I have some python code to read a file and push data to a list. Then put this list to queue, use threading to process the list, say 20 items a time. After processing, I save the result into a new file. What was put in the new file was actually different order than the original file. For example, I have in input,
1 a
2 b
3 c
4 a
5 d
But the output looks like:
2 aa
1 ba
4 aa
5 da
3 ca
Is there any way to preserve the original order? Here is my code:
import threading,Queue,time,sys
class eSS(threading.Thread):
def __init__(self,queue):
threading.Thread.__init__(self)
self.queue = queue
self.lock = threading.Lock()
def ess(self,email,code,suggested,comment,reason,dlx_score):
#do something
def run(self):
while True:
info = self.queue.get()
infolist = info.split('\t')
email = infolist[1]
code = infolist[2]
suggested = infolist[3]
comment = infolist[4]
reason = infolist[5]
dlx_score = (0 if infolist[6] == 'NULL' else int(infolist[6]))

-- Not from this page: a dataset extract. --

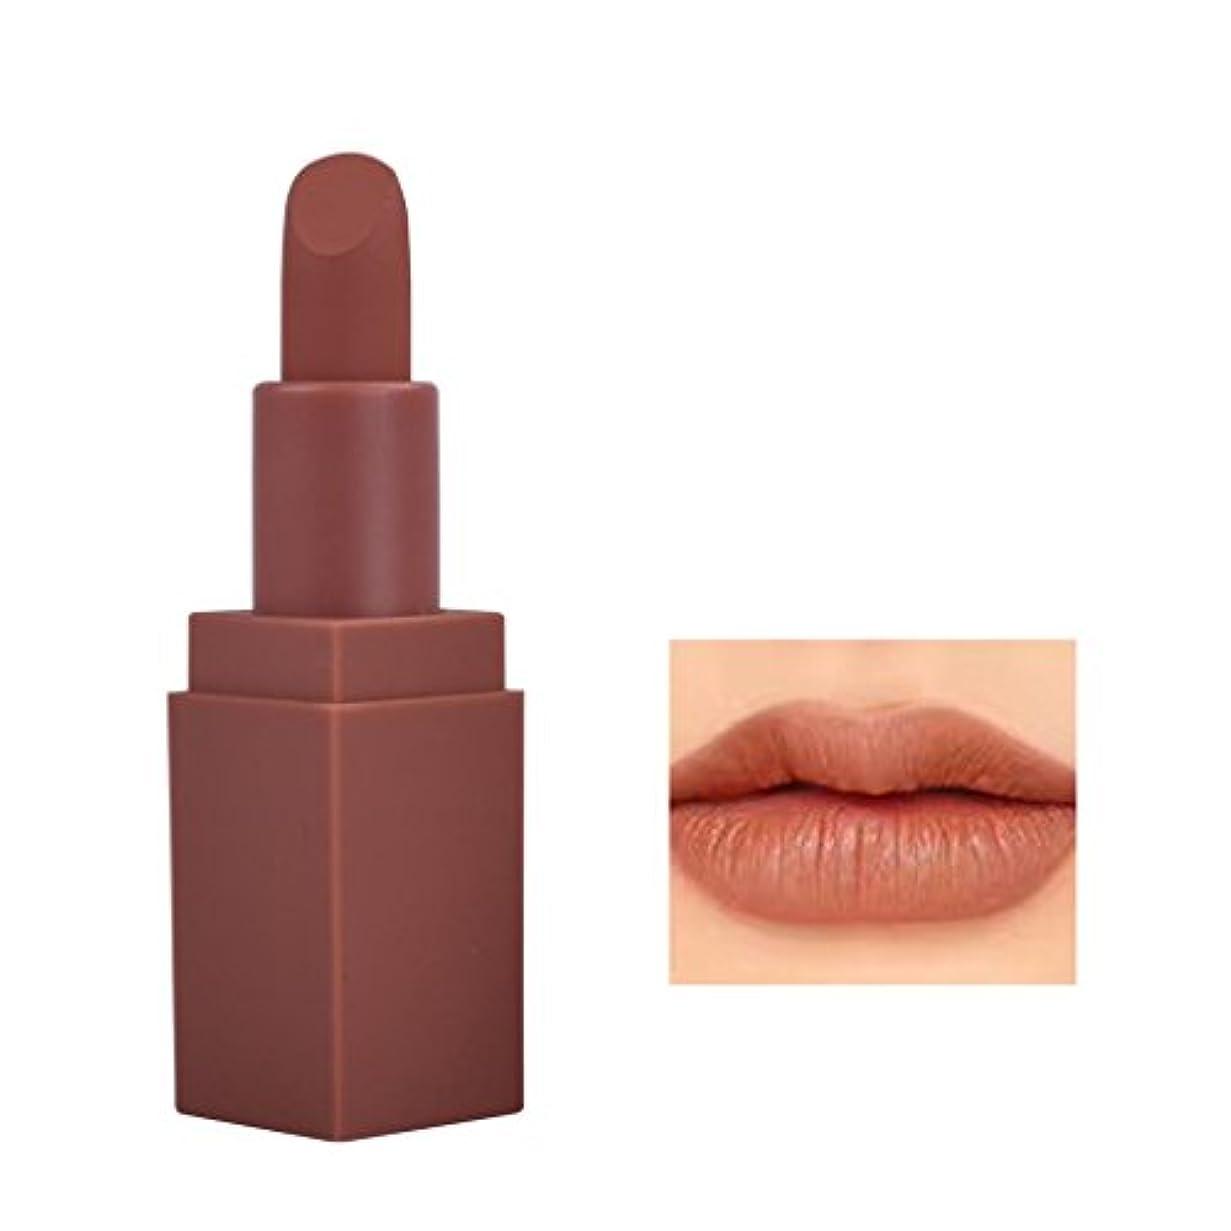 相談するソーダ水非アクティブCUTICATE 長続きがする保湿のビロードの裸の口紅の無光沢の光沢の唇のcomestics - #3

g.write(info + '\t' + self.ess(email,code,suggested,comment,reason,dlx_score) +'\r\n')
self.queue.task_done()
if __name__ == "__main__":
queue = Queue.Queue()
filename = sys.argv[1]
#Define number of threads
threads = 20
f = open(filename,'r')
g = open(filename+'.eSS','w')
lines = f.read().splitlines()
f.close()
start = time.time()
for i in range(threads):
t = eSS(queue)
t.setDaemon(True)
t.start()
for line in lines:
queue.put(line)
queue.join()
print time.time()-start
g.close()
gisn't in scope in the run method. Also, as Daniel alluded to, do you really need threads? Even ignoring the out-of-order information, does this actually run any faster than just reading and writing sequentially?